Gujarati writer from India (1953–2019)

Utpal Harivallabh Bhayani (10 October 1953 – 16 October 2019) was a Gujarati language story writer, playwright, critic and translator from Gujarat, India.

==Life==
Utapal Bhayani was born on 10 October 1953 in Calicut (now Kozhikode) to Harivallabh Bhayani, a Gujarati writer. His family was from Mahuva in Bhavnagar district. He studied Master of Commerce and later qualified as Chartered Accountant which he accepted as his profession. He served as a trustee of Parichay Trust, Mumbai.

He died on 16 October 2019.

==Works==
Nimajjan (1978) was his first collection of stories followed by Hallo! (1983) which included some experimental stories. Khatavani (1995) was well received by critics. Vahi (2008) was his fourth collection. His story Mijbani was included in Swatantrottar Gujarati Navlika edited by Raghuveer Chaudhari. His Extra Ticket was anthologized in Ketlik Gujarati Tunki Vartao (1955–80) edited by Gulabdas Broker and Suman Shah.

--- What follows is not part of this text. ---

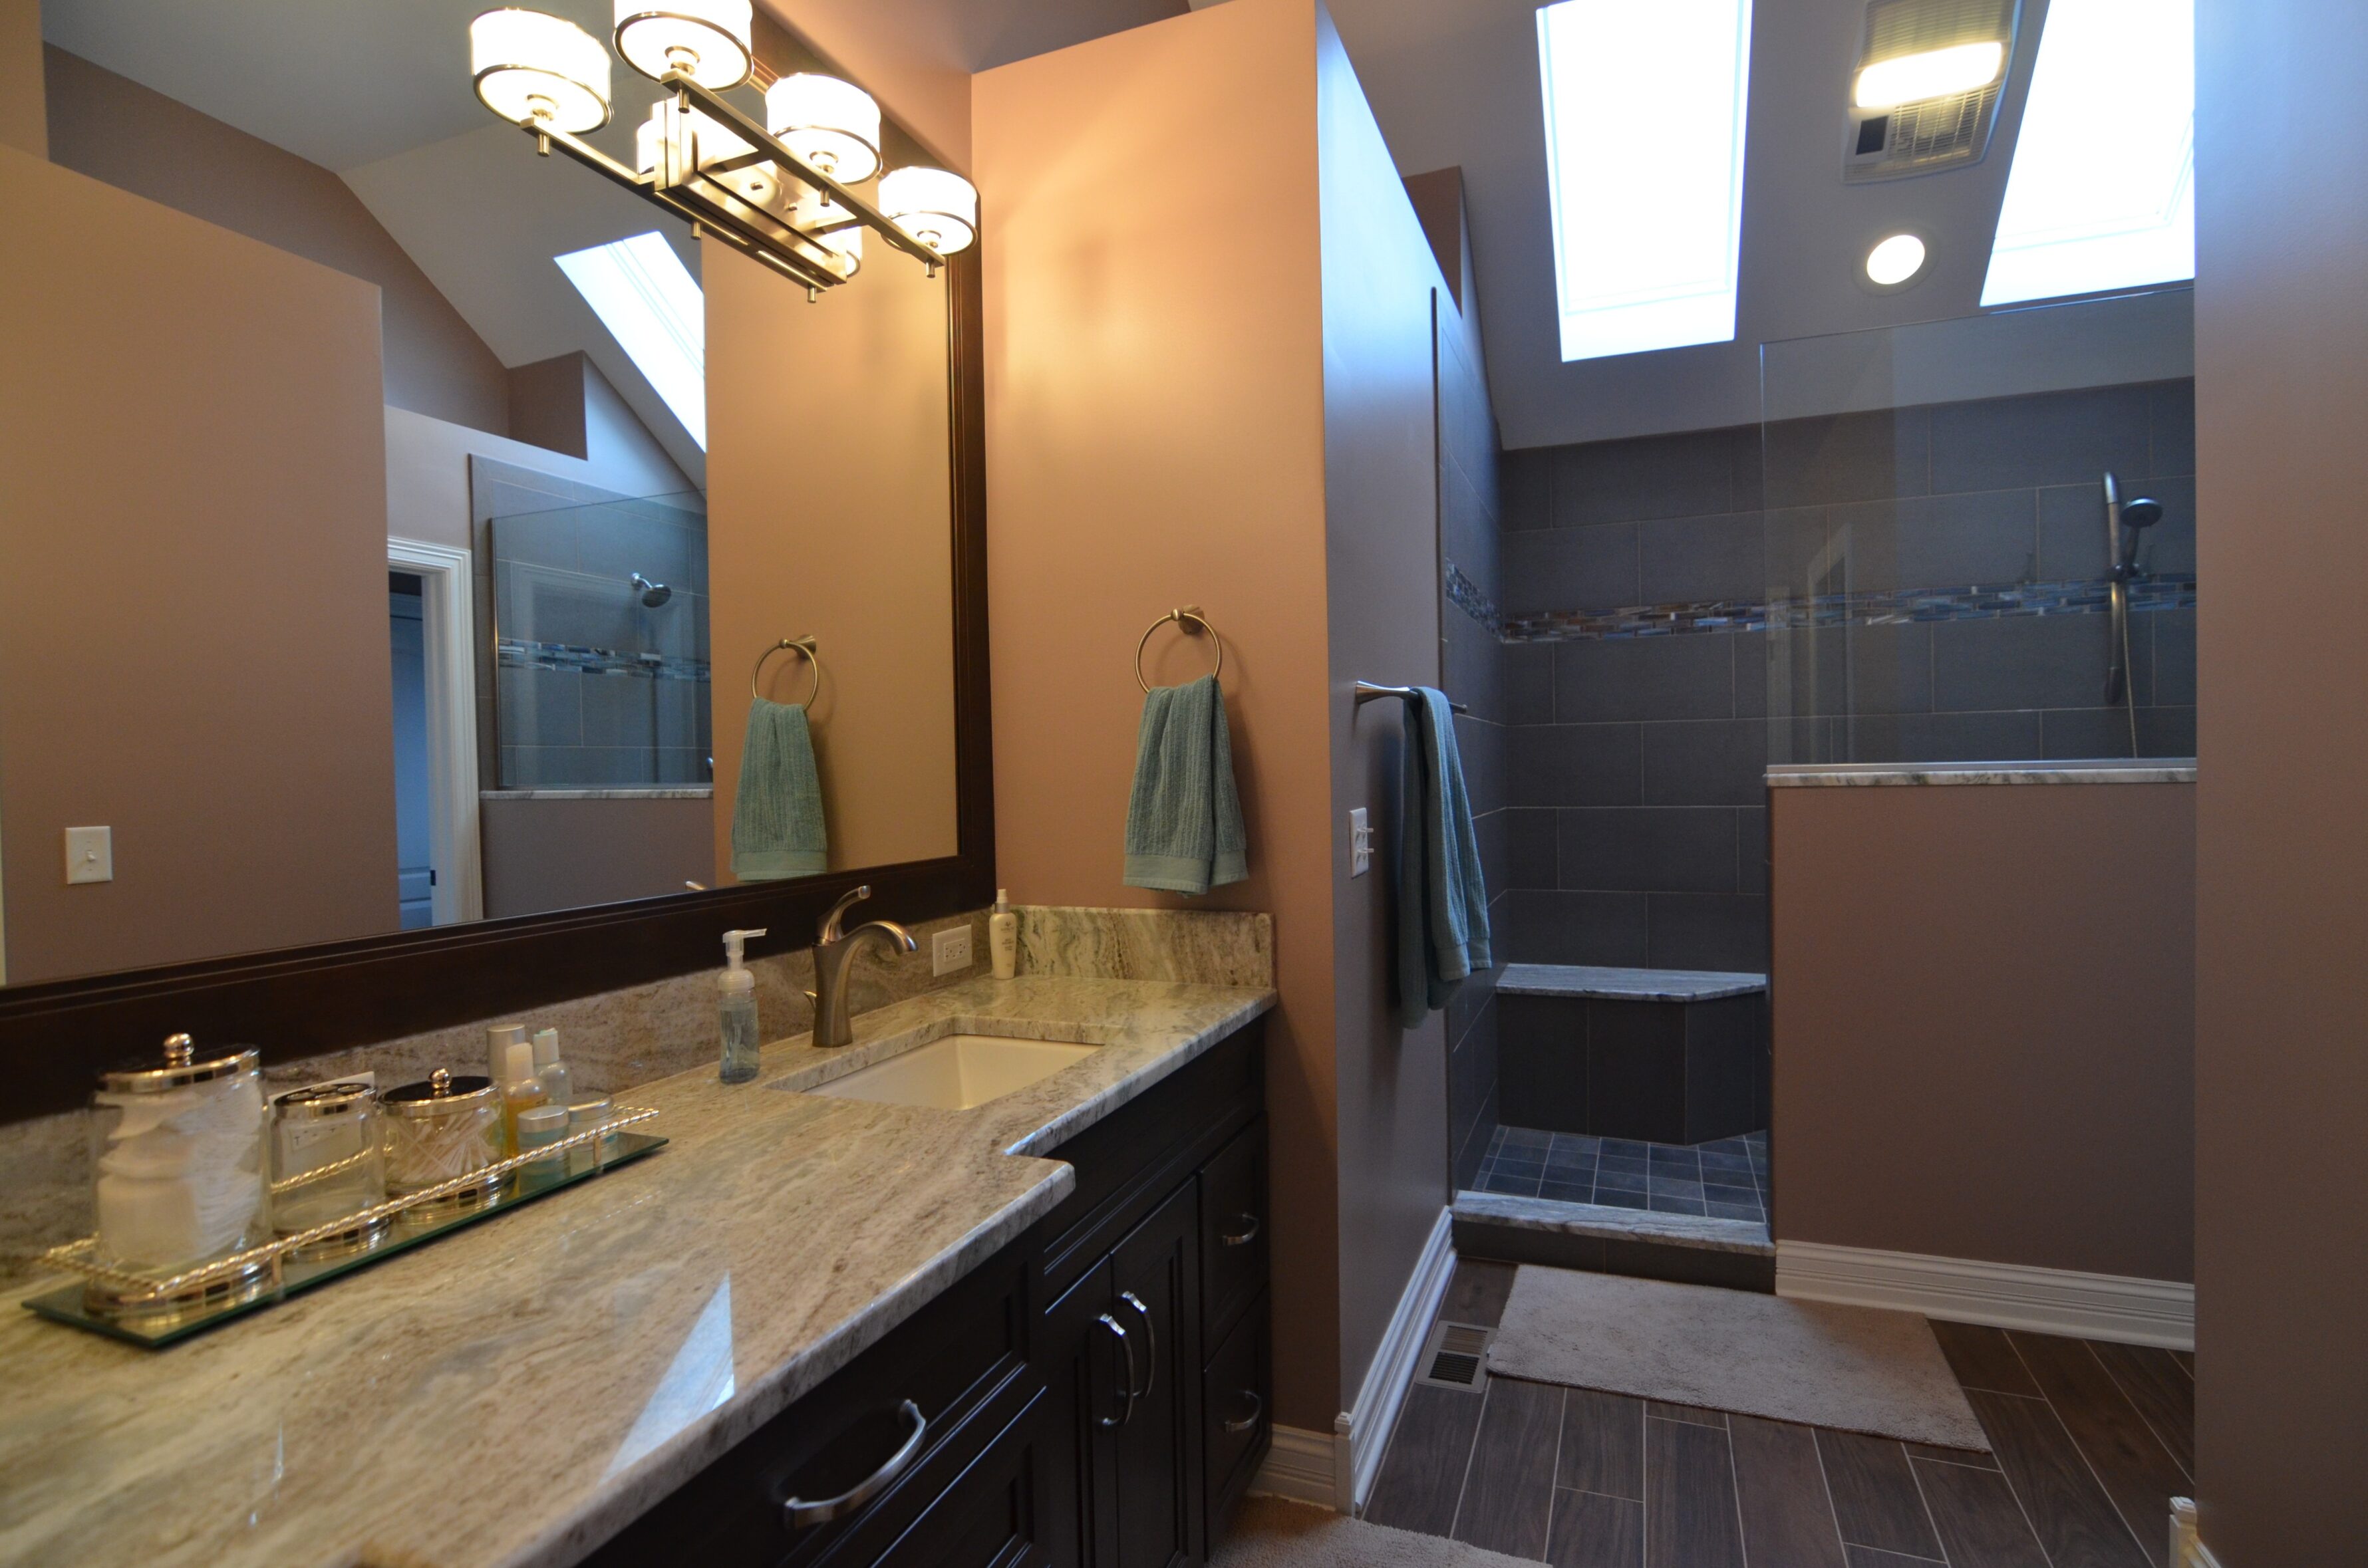 Bathroom remodeling in Naperville, IL. New wood tile bathroom flooring for warm tones.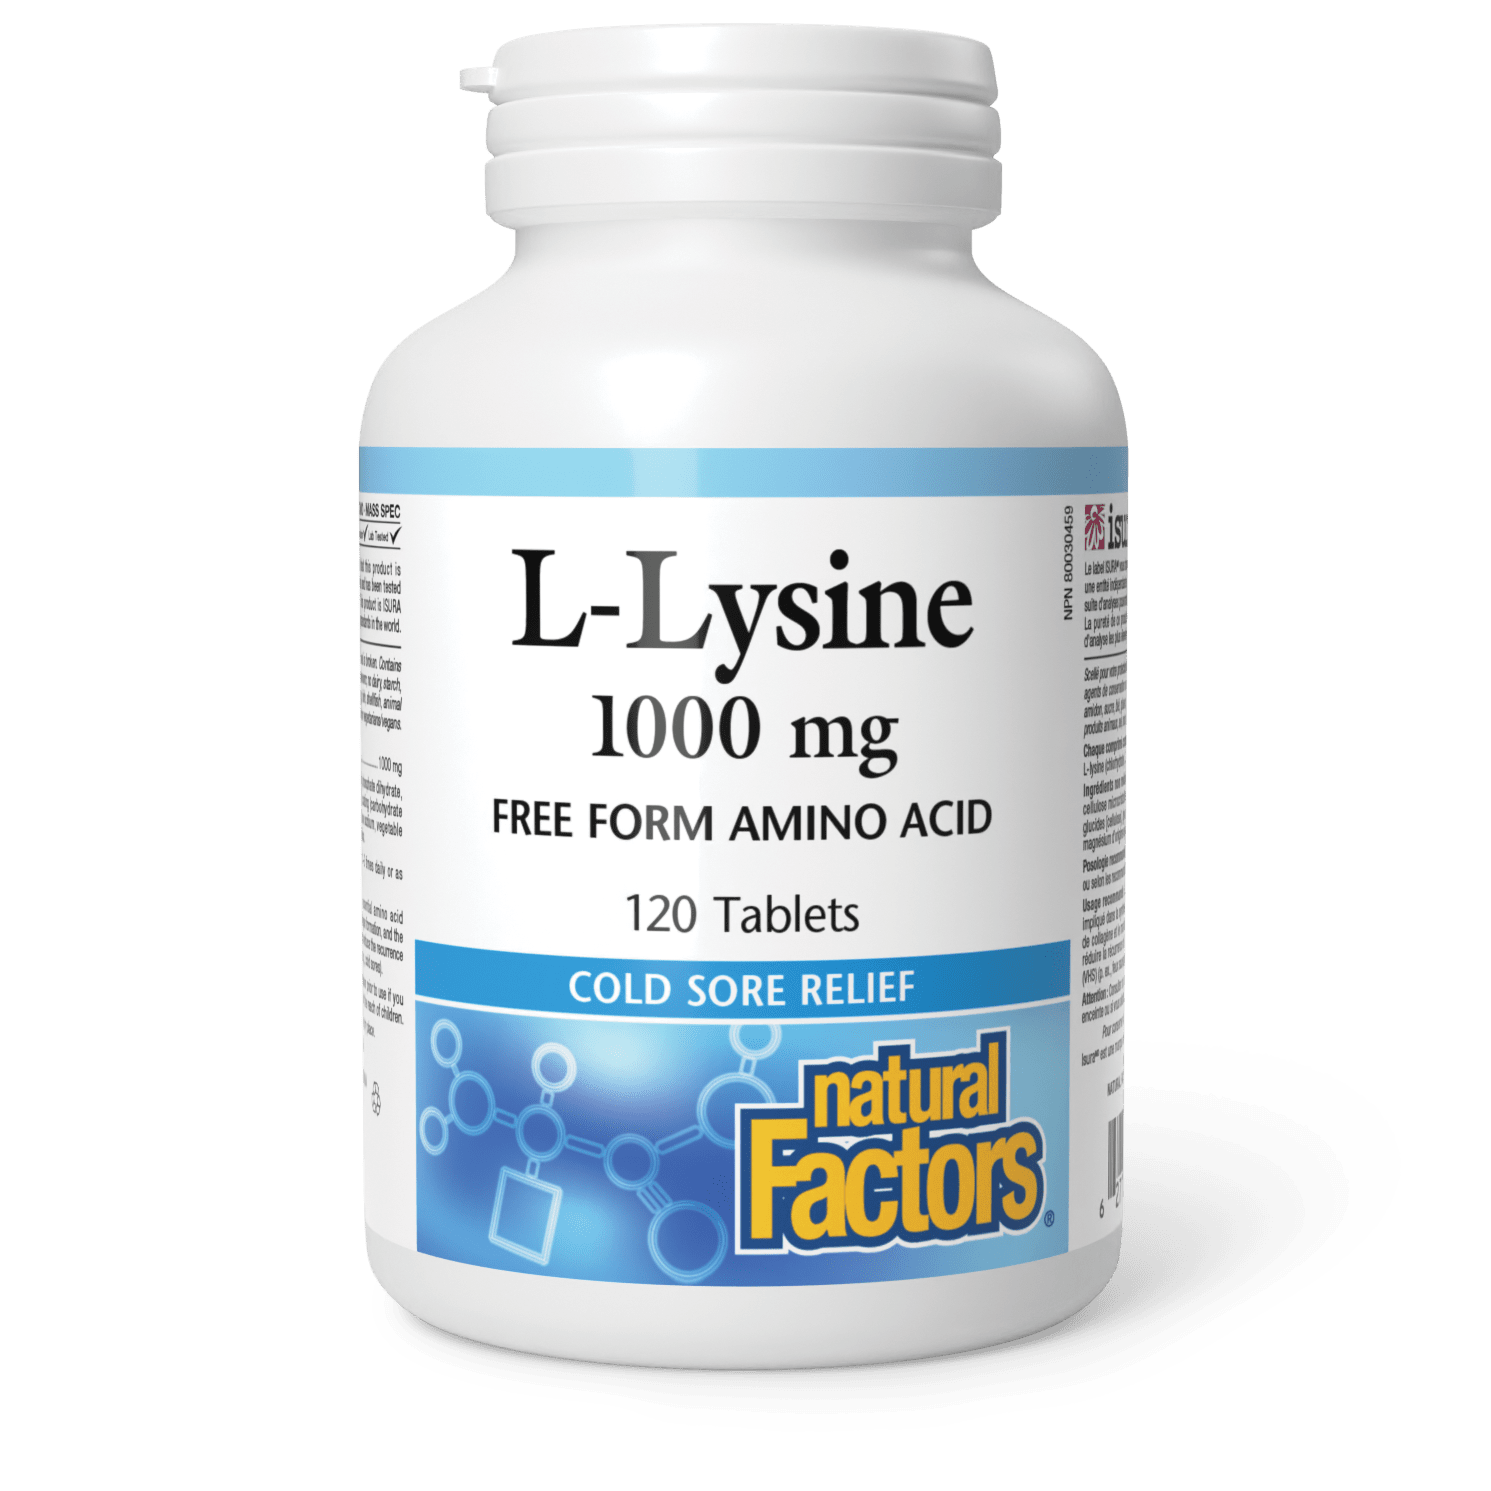 L-Lysine 1000 mg, Natural Factors|v|image|2860

He was a prolific drama critic but he considered his works as Samiksha not criticism. His drama criticism works starting in 1976 include Drashyafalak (1981), Preksha (1986), Natakno Jeev (1987), Tarjni Sanket (1992), Samajik Natak: Ek Nutan Unmesh (1993), Deshvideshni Rangbhumi (2001), Rangbhumi (2004), Natyadrashti (2003), Natyagoshthi (2004).
Mahabharat (1991) and Sahyog (1999) are translations. He edited Sampark (1982), Adhunik Gujarati Ekankio (1994) and Sureshni Sathe Sathe (2007).

==Awards==
His story collection Khatvani (1995) was awarded by Gujarati Sahitya Parishad.